§ Task directions
With pictures removed, print the listing exactly.

#### Information provided

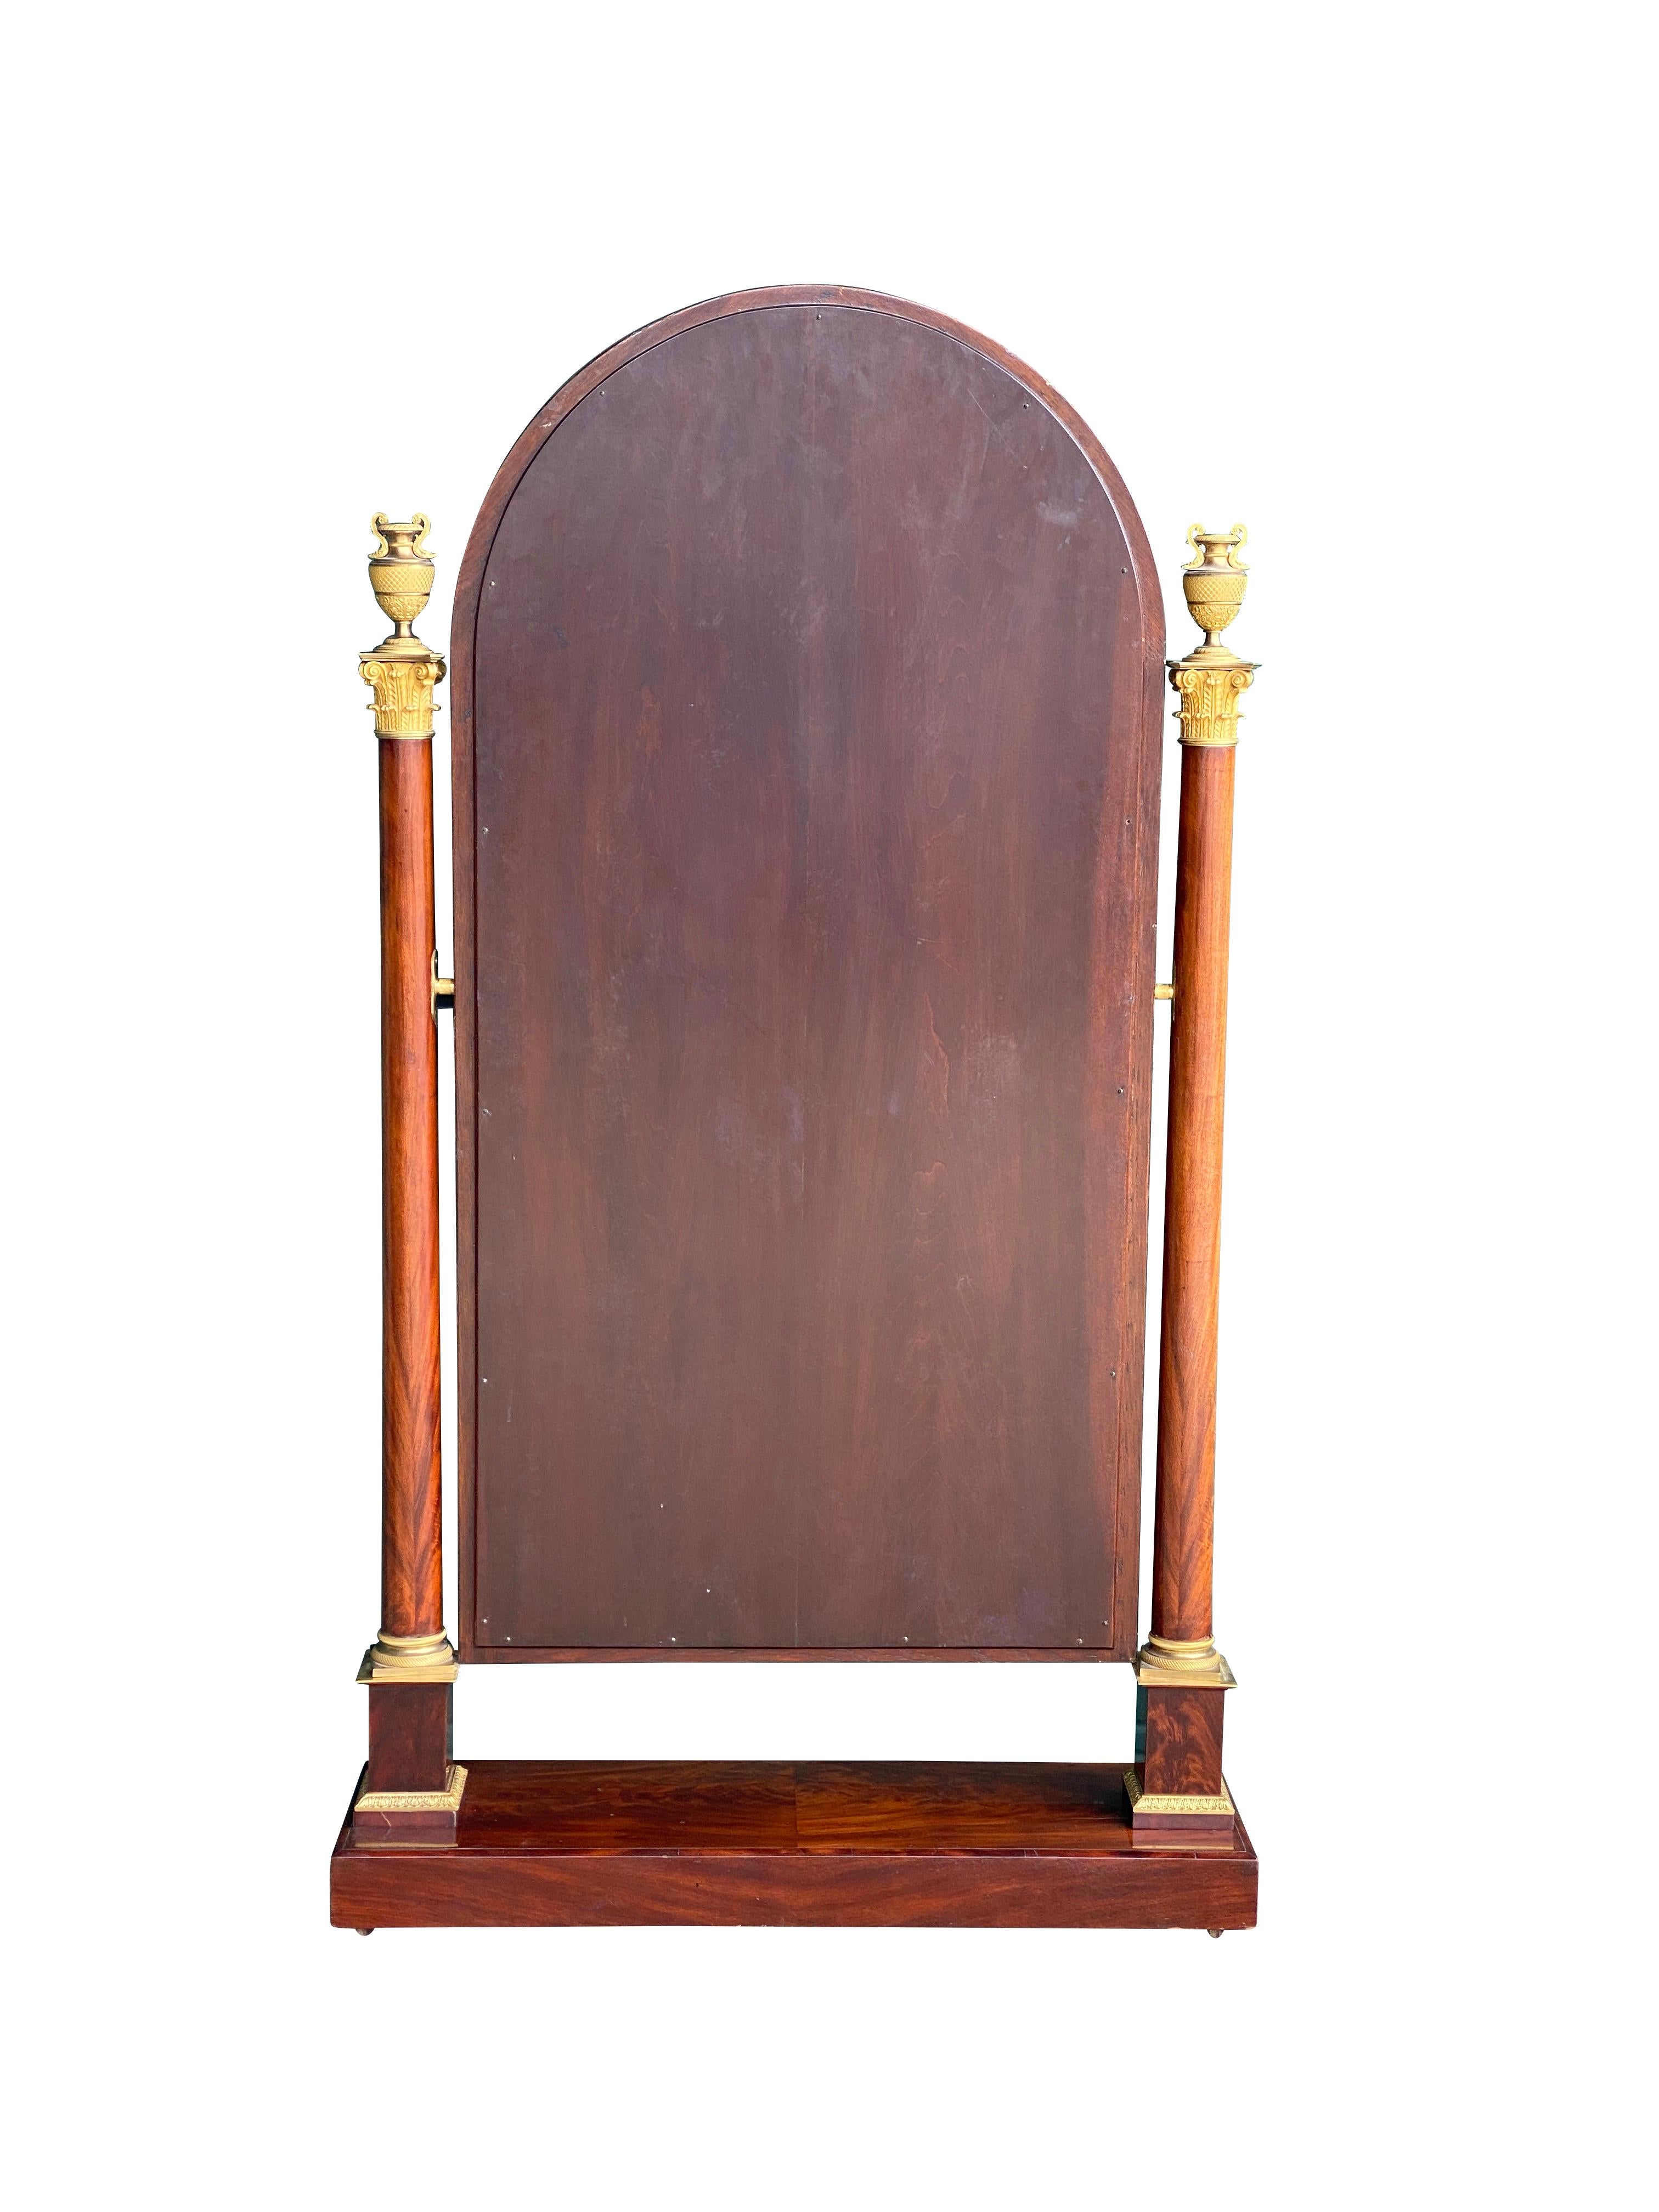 Early 19th Century French Empire Mahogany and Ormolu Mounted Cheval Mirror For Sale
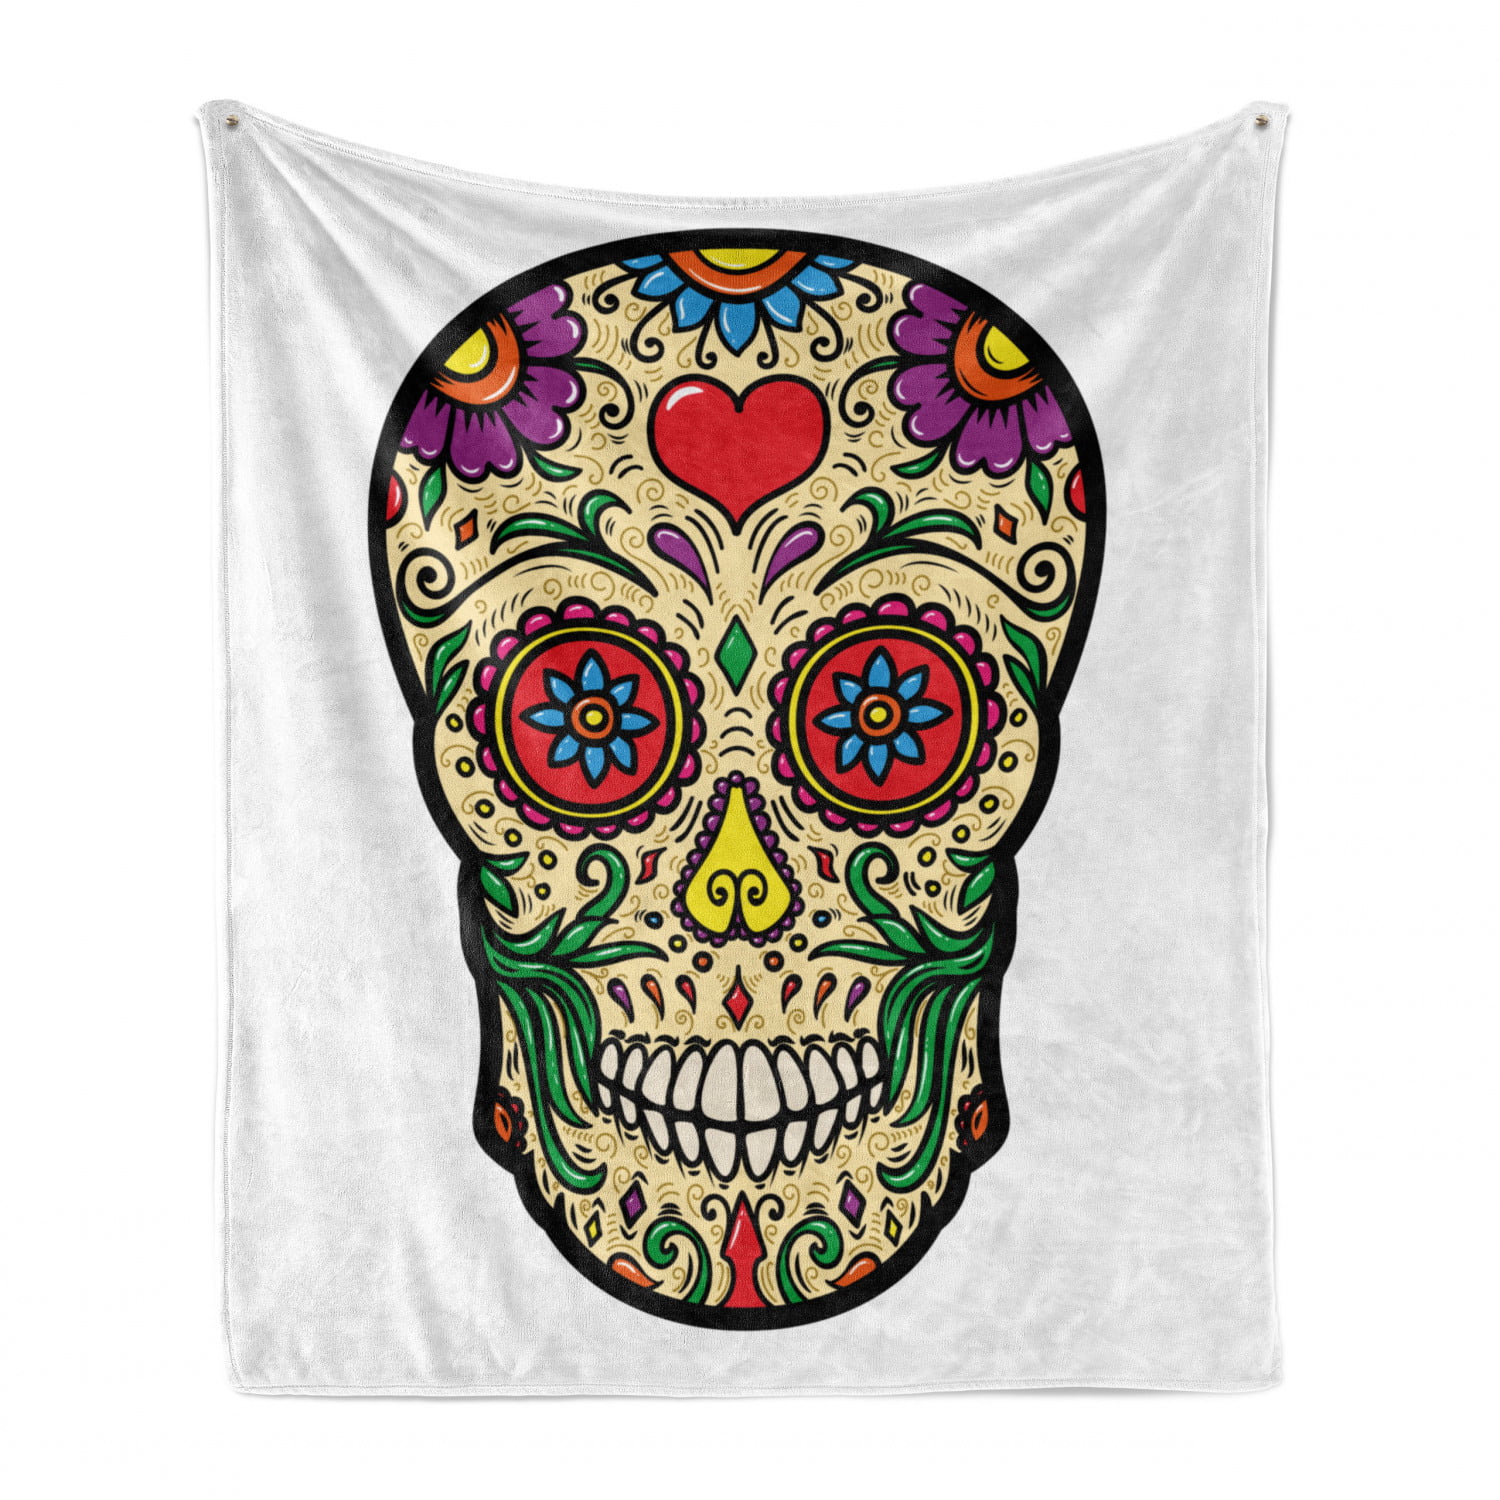 Day of The Dead Themed Half Face and Roses 60 x 80 Petrol Blue Dark Teal Lunarable Sugar Skull Soft Flannel Fleece Throw Blanket Cozy Plush for Indoor and Outdoor Use 
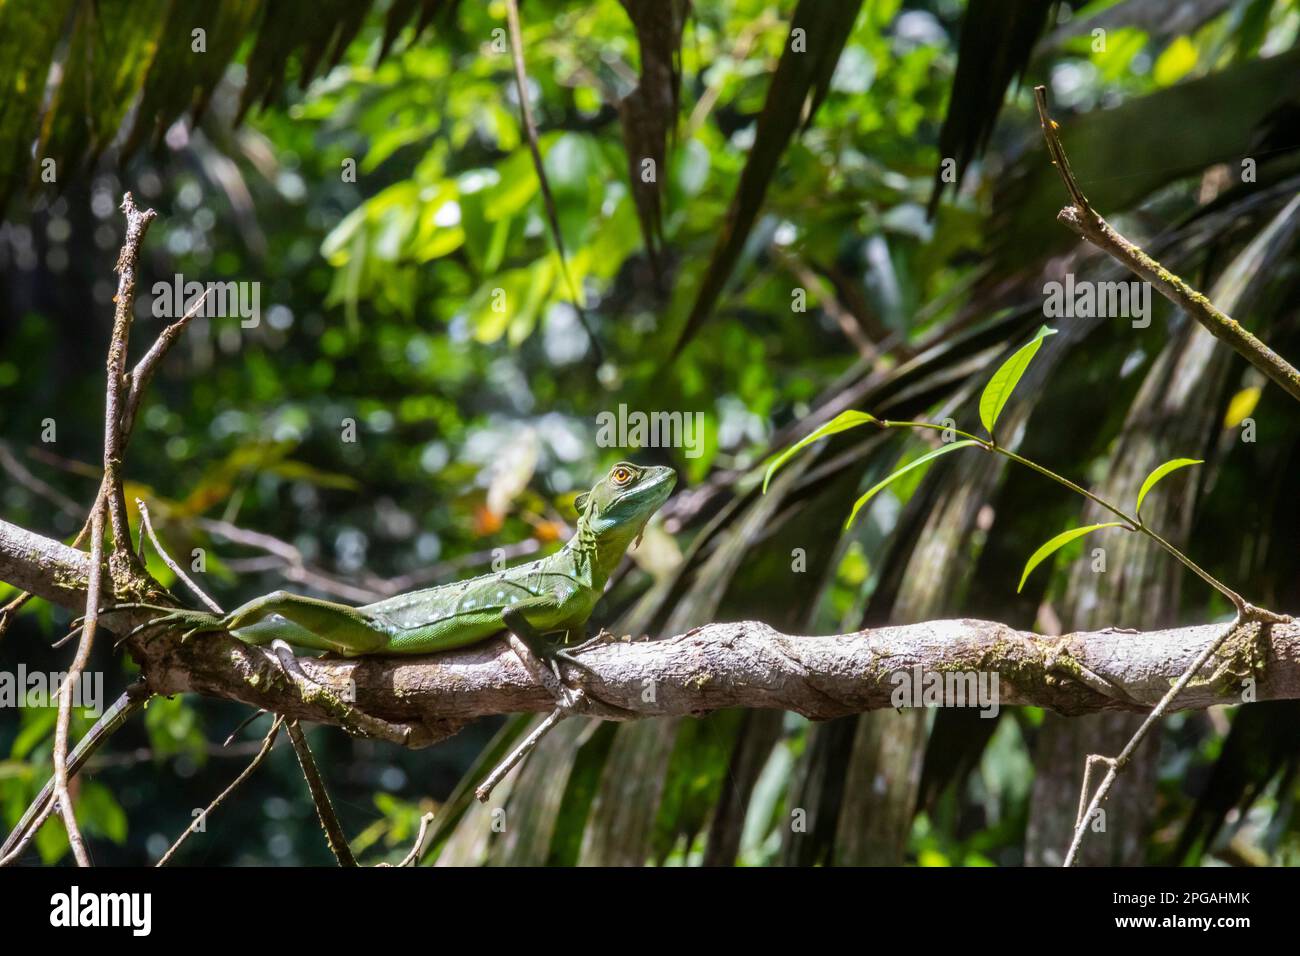 Tortuguero National Park, Costa Rica - A female Emerald basilisk (Basiliscus plumifrons). It is commonly called the Jesus Christ Lizard because young Stock Photo

########

§ Result
 Early 19th Century French Empire Mahogany and Ormolu Mounted Cheval Mirror For Sale
 Day of The Dead Themed Half Face and Roses 60 x 80 Petrol Blue Dark Teal Lunarable Sugar Skull Soft Flannel Fleece Throw Blanket Cozy Plush for Indoor and Outdoor Use 
 Tortuguero National Park, Costa Rica - A female Emerald basilisk (Basiliscus plumifrons). It is commonly called the Jesus Christ Lizard because young Stock Photo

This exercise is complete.